Royal Couple’s Third Child a Missed Opportunity

I felt a pang of sadness Monday when Britain’s Prince William and Kate Middleton announced they’re expecting a third child. A day later I was glad to learn others shared my reaction. Wait, what?!

That’s right. Today I honor on the Wall of Fame the non-profit Having Kids, for starting a conversation we should have been having for the past hundred years. In a public letter to the Royal couple published July 25, co-founders Anne Green and Carter Dillard wrote:

“…we wanted to offer a few thoughts for your consideration. As you know and appreciate, the example the British Royal Family sets is extremely influential.
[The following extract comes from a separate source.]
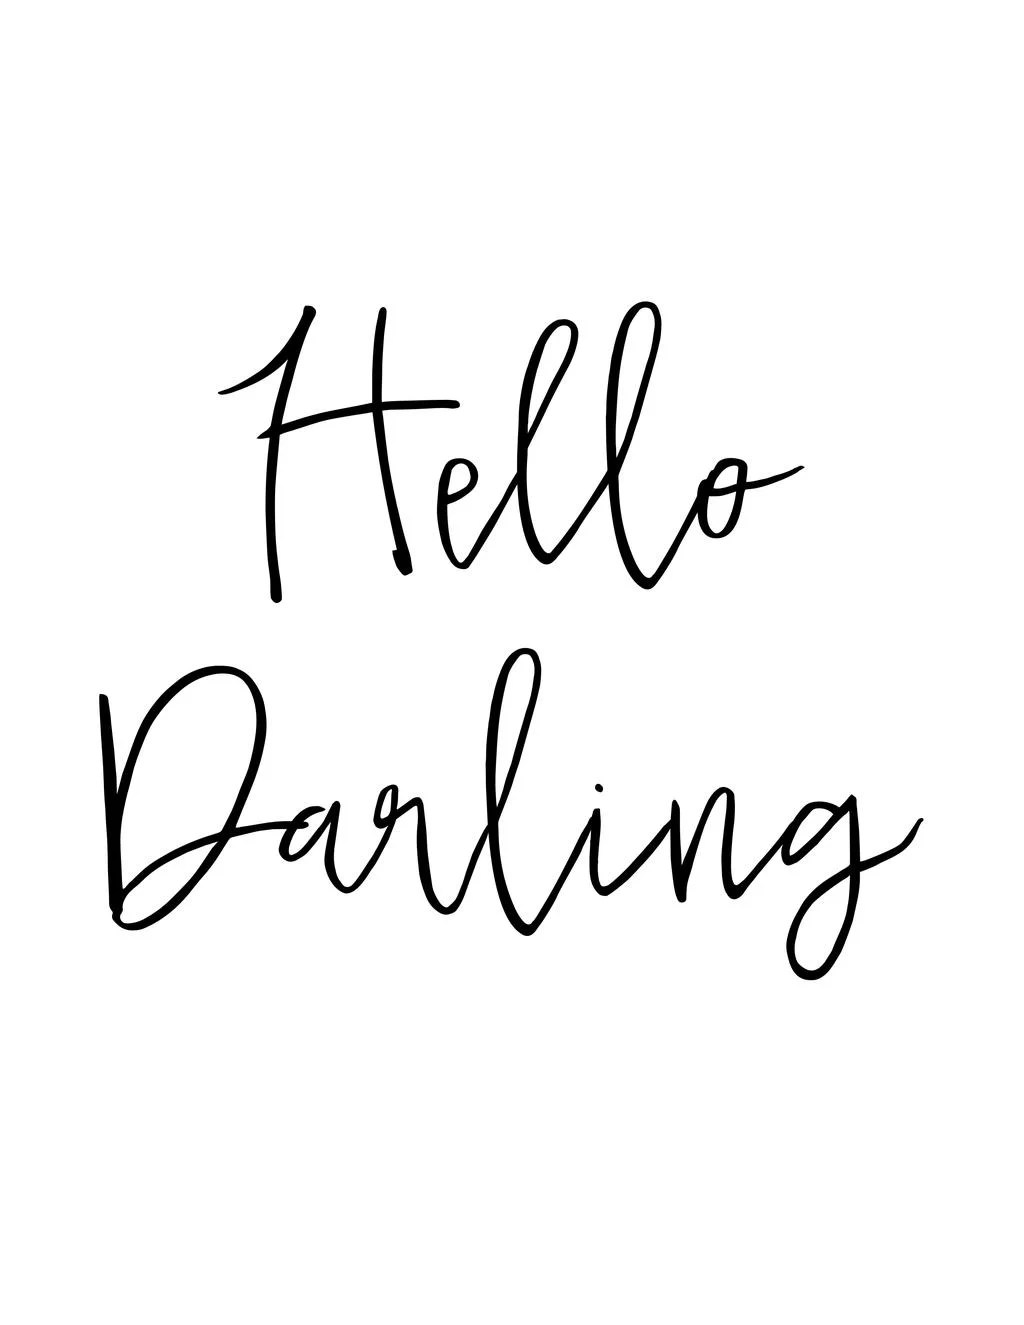 Hello Darling Sign Free Printable

Many studies also show that public figures serve as effective role models when it comes to family planning. Your discussion of having a larger family raises compelling issues of sustainability and equity. Large families are not sustainable.”

More and more people have been learning, of late, that the scale of the human enterprise has outgrown the planet. The carbon footprint and overall environmental impact of family-size decisions has been getting more discussion and media attention. But until now, it’s been extremely rare and difficult to take the next step, openly advocating that couples choose to conceive fewer children than they might otherwise.

ltr to royals smallThe organization’s announcement explained:

“Today Having Kids sent a letter to Prince William and Kate Middleton, respectfully urging the royal couple to lead by example and consider forgoing having a third child (as they intimated they might). The letter also suggested the couple might use the opportunity to highlight the importance of family planning and to work with other families to plan better starts in life for their children.”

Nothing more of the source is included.